**REQUIRED ACTION:** The expected result is an exact restatement of the data, free of pictures.

**DATA EXTRACT:**
######
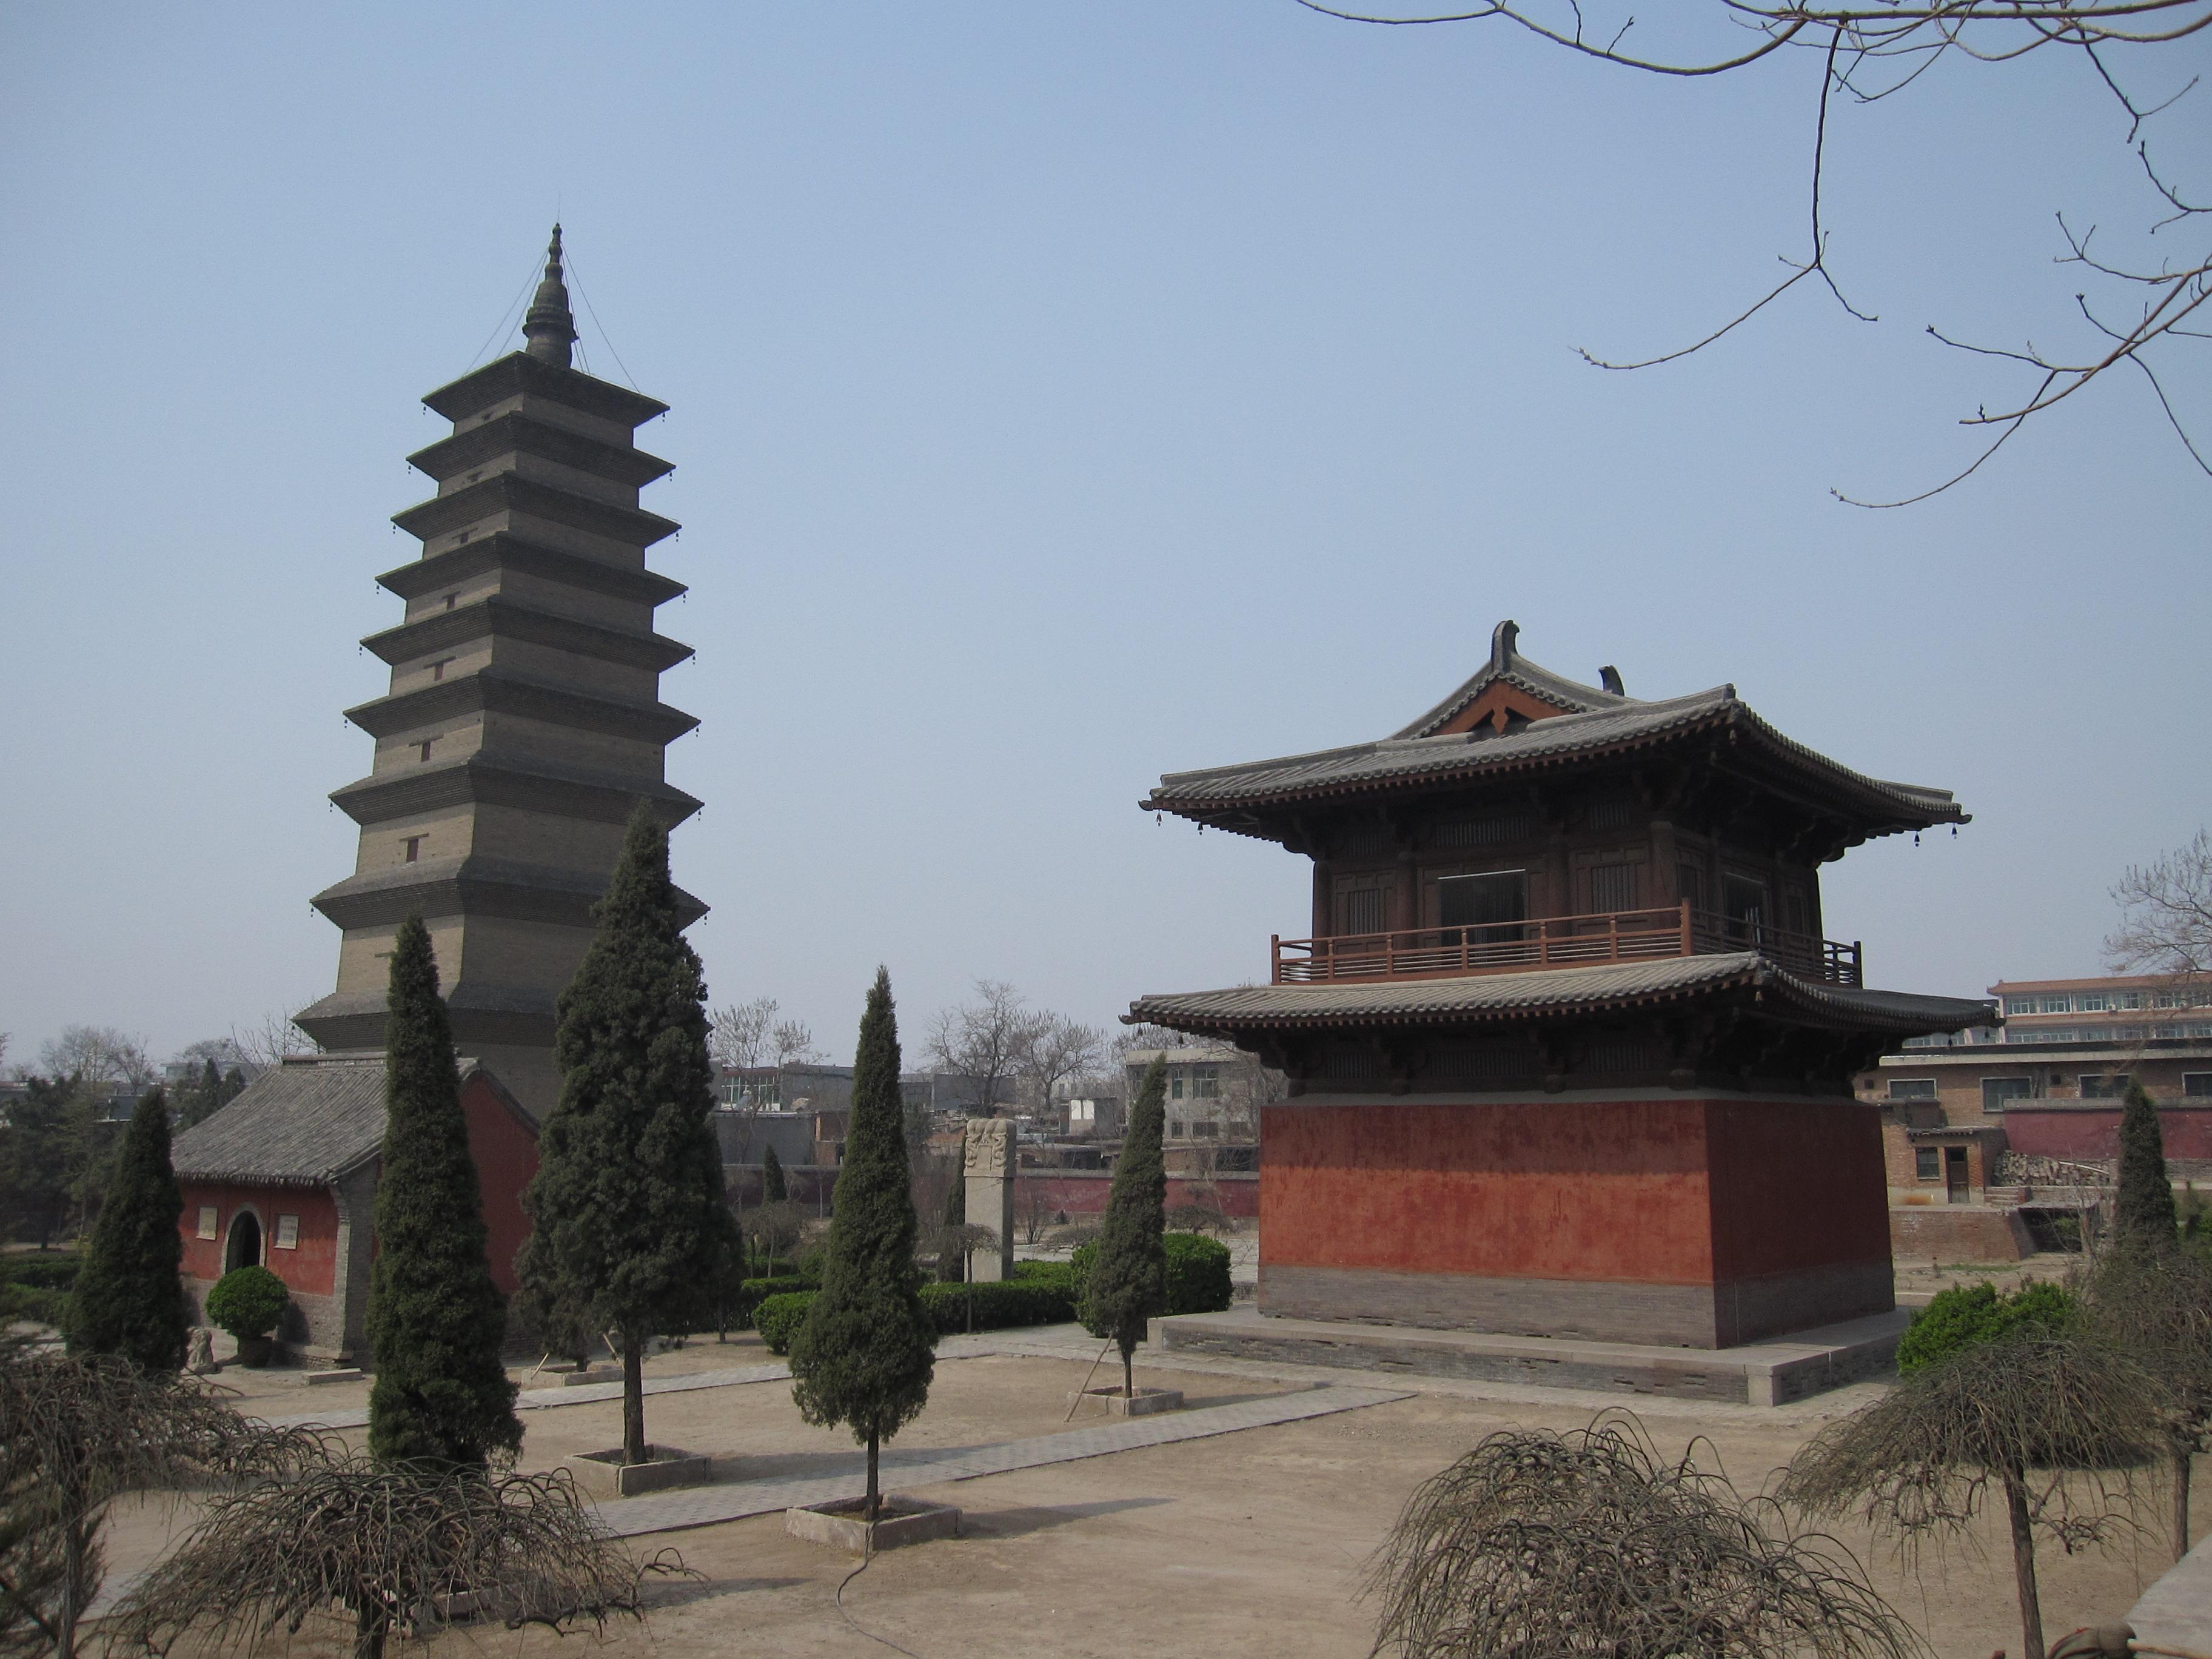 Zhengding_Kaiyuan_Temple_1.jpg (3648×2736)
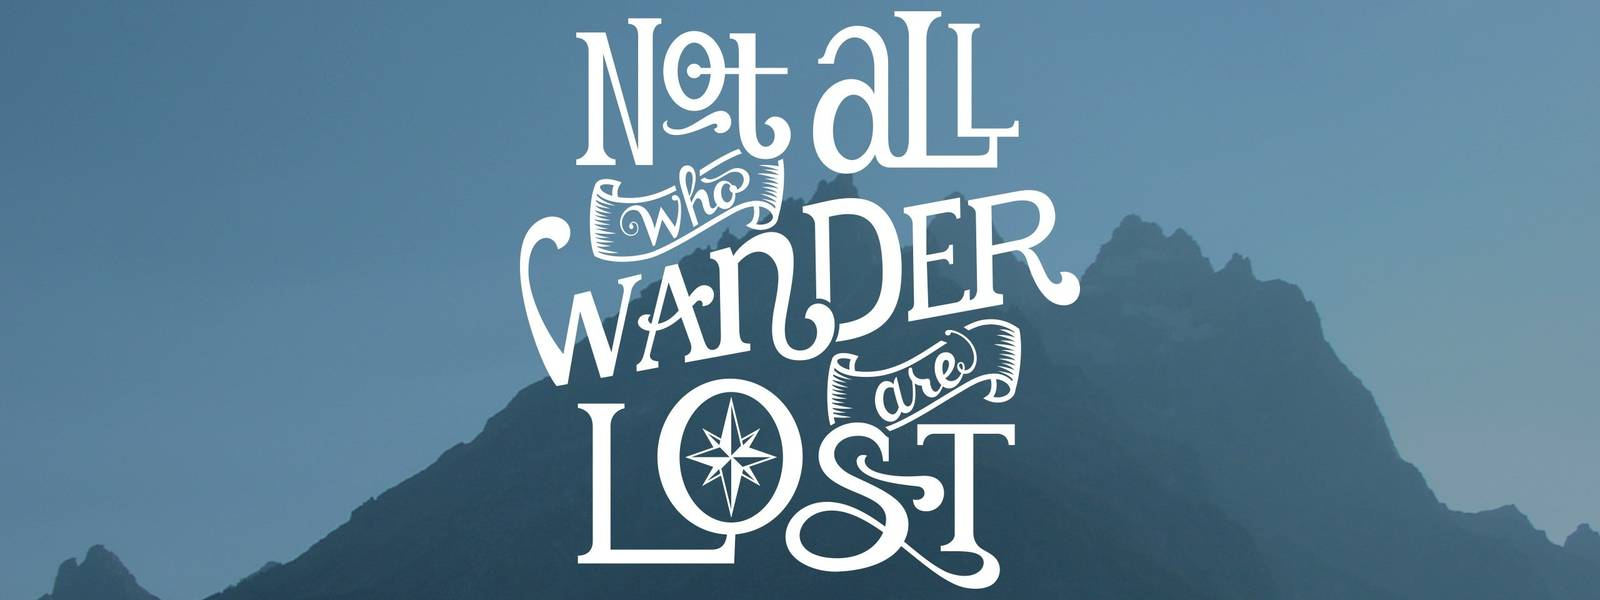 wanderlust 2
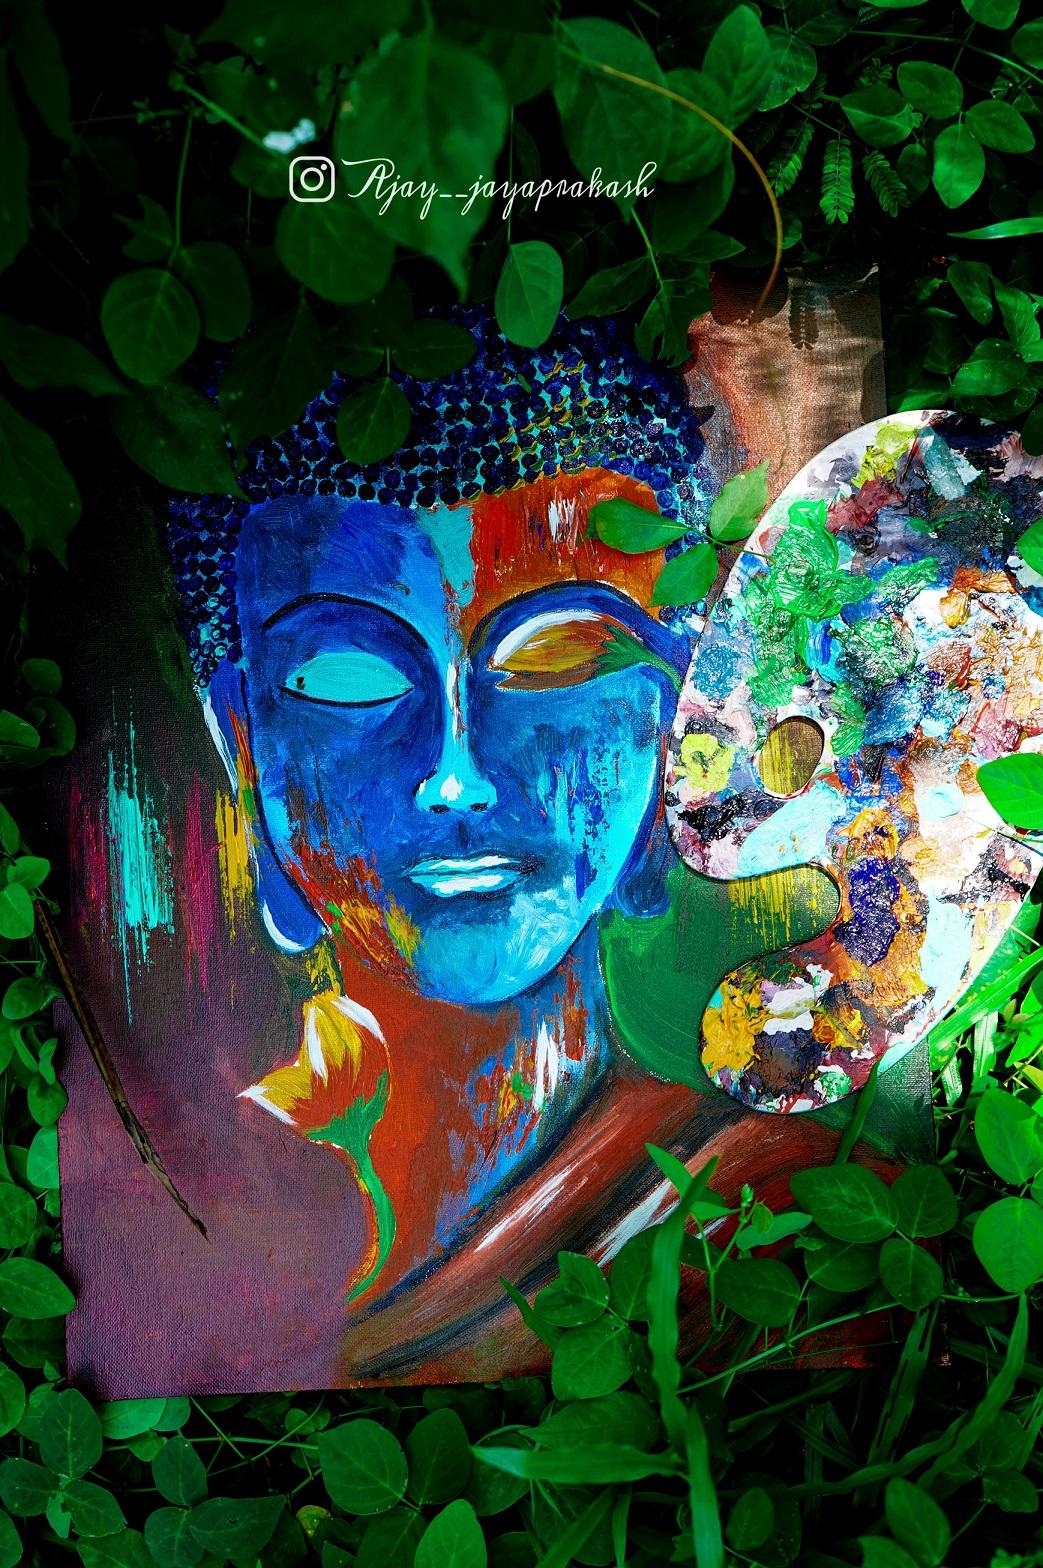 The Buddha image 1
######
**TASK RESULT:**
 Zhengding_Kaiyuan_Temple_1.jpg (3648×2736)
 wanderlust 2
 The Buddha image 1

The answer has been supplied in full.